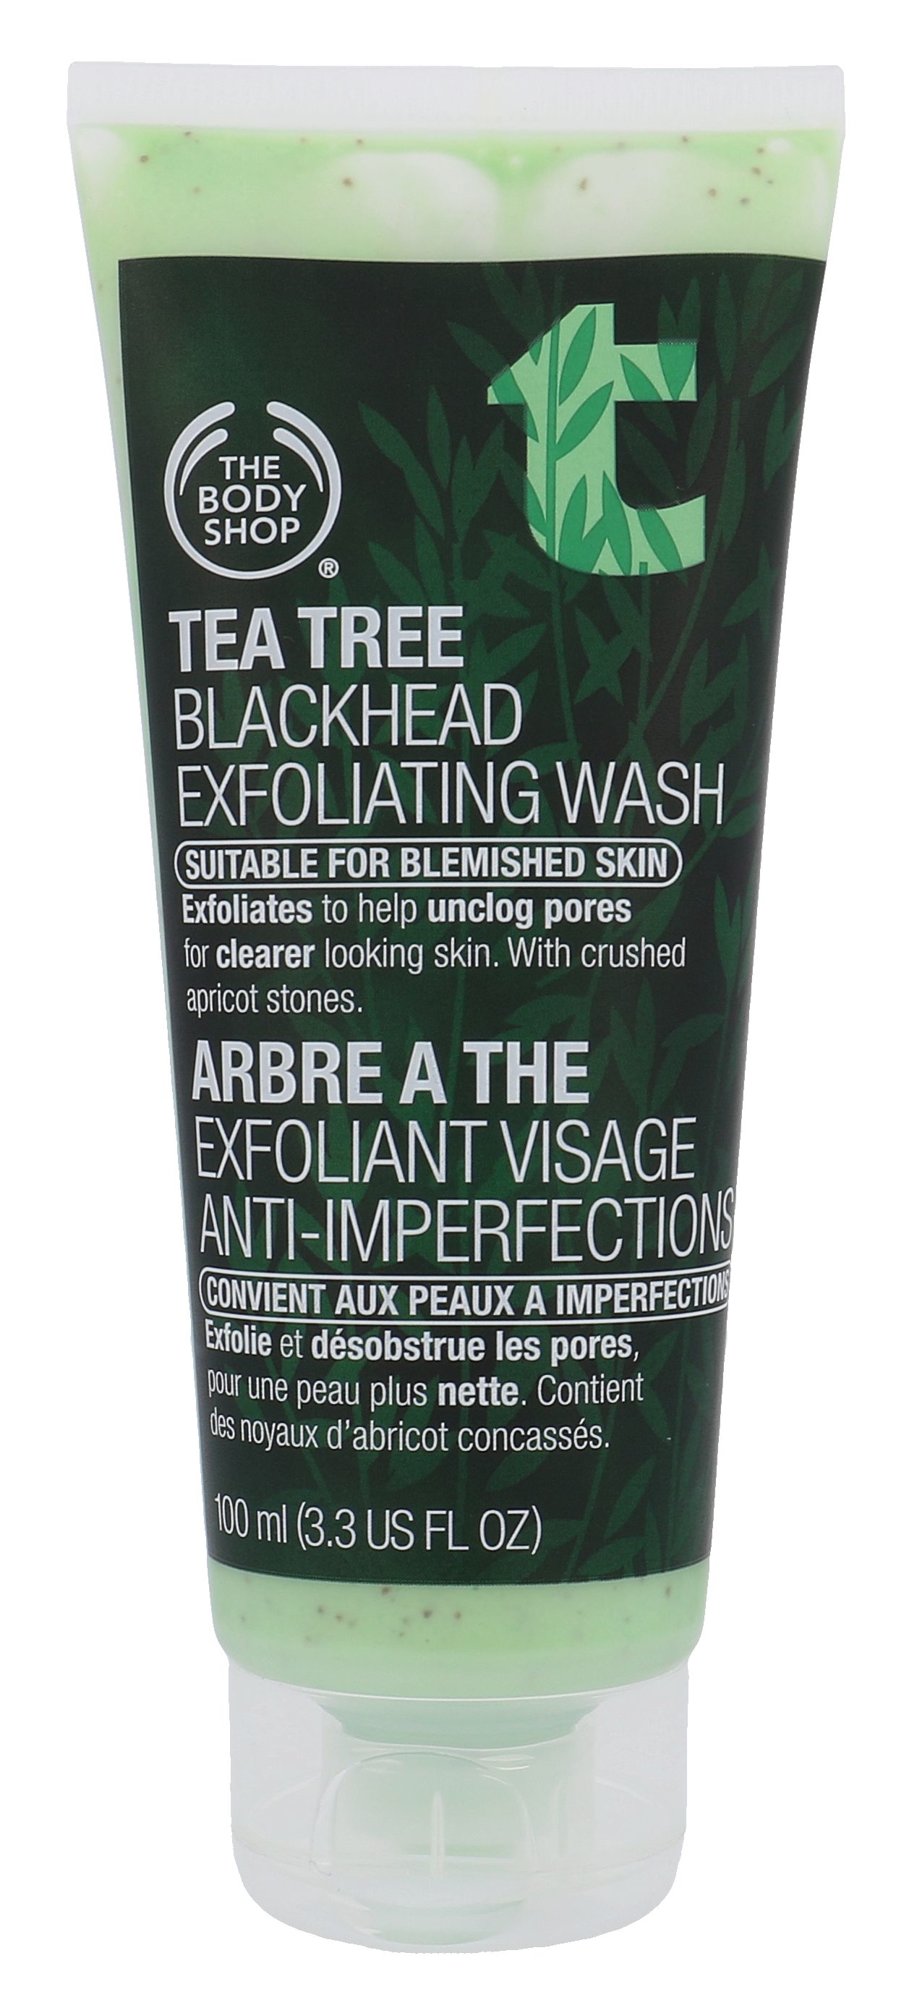 The Body Shop Tea Tree Blackhead Exfoliating Wash
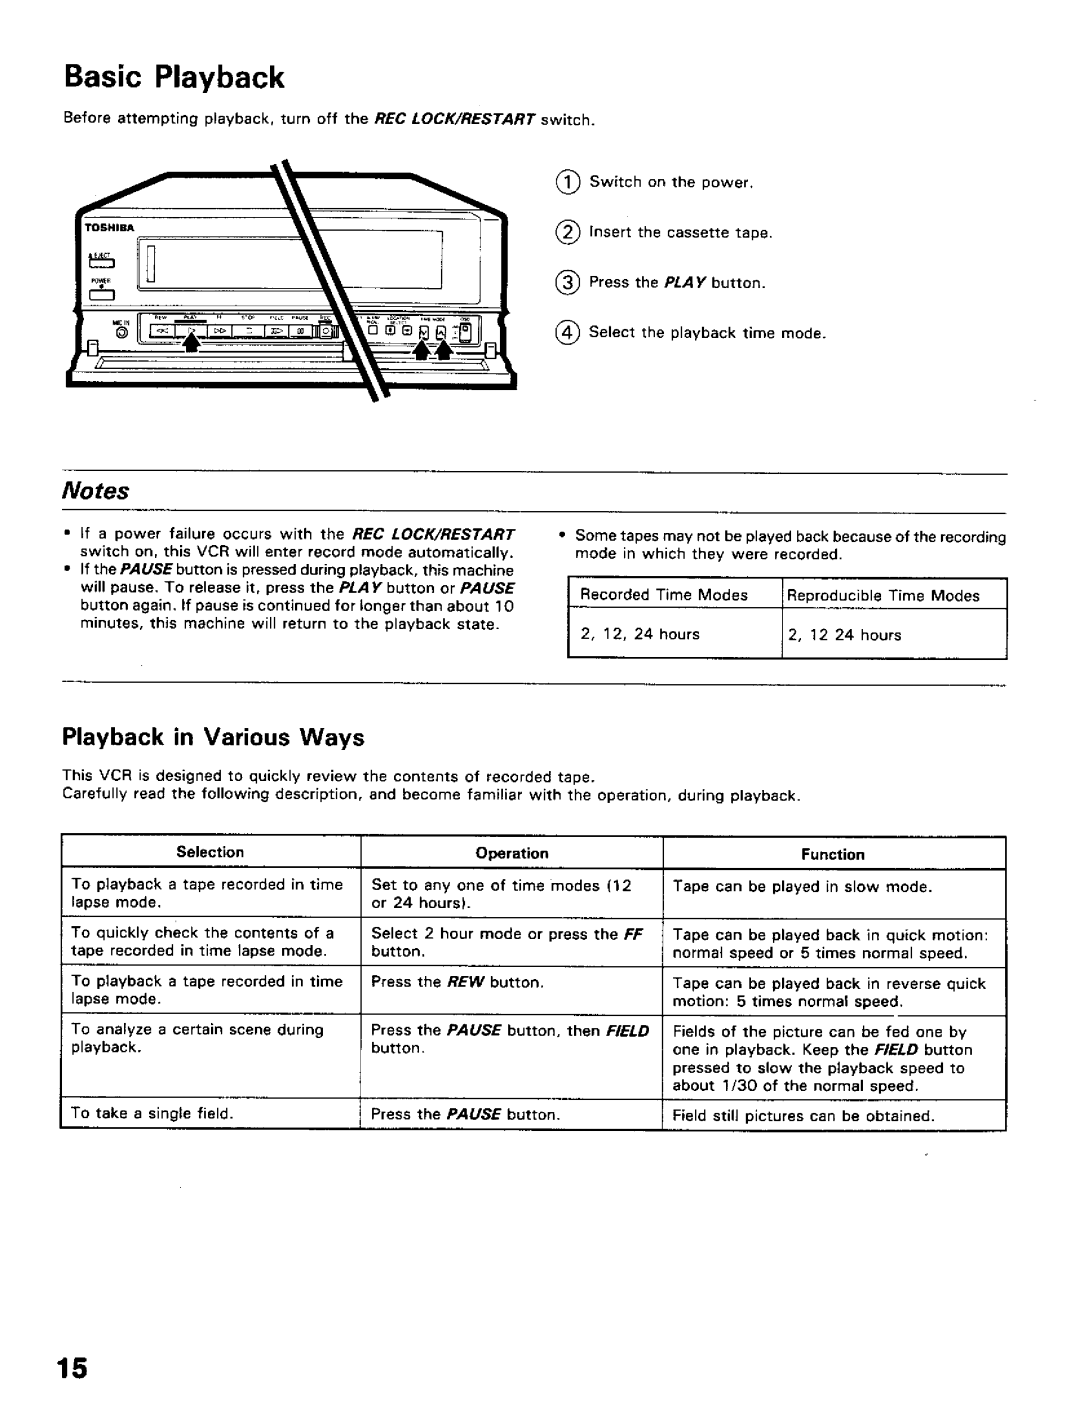 Toshiba KV-5024A manual 
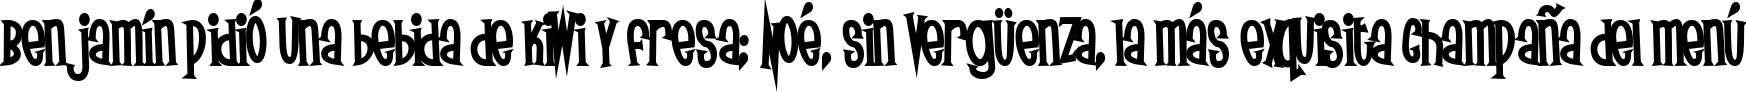 Пример написания шрифтом Surf Safari текста на испанском
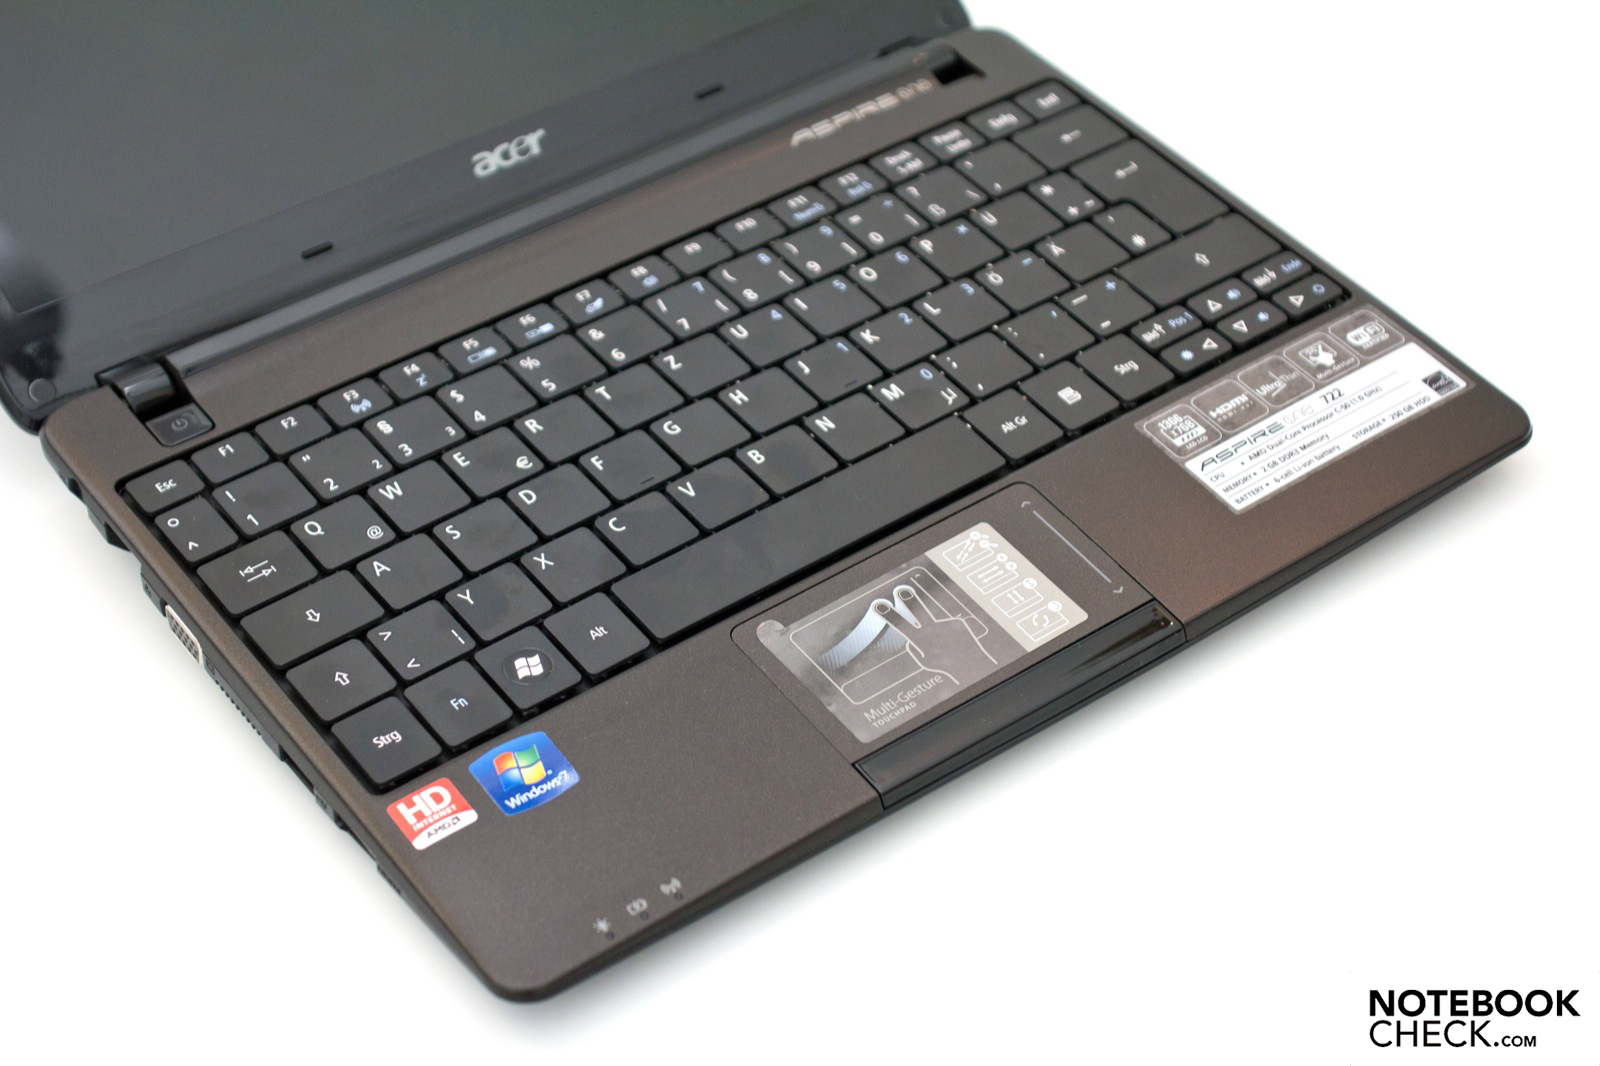 Betasten moeder Kaarsen Review Acer Aspire One 722 Netbook - NotebookCheck.net Reviews
━━━━━━
§ **What you should do**
Copy the data exactly. Any picture it contains is to be omitted.

§ **Answer section**
 The Body Shop Tea Tree Blackhead Exfoliating Wash
 Toshiba KV-5024A manual 
 Пример написания шрифтом Surf Safari текста на испанском
 Betasten moeder Kaarsen Review Acer Aspire One 722 Netbook - NotebookCheck.net Reviews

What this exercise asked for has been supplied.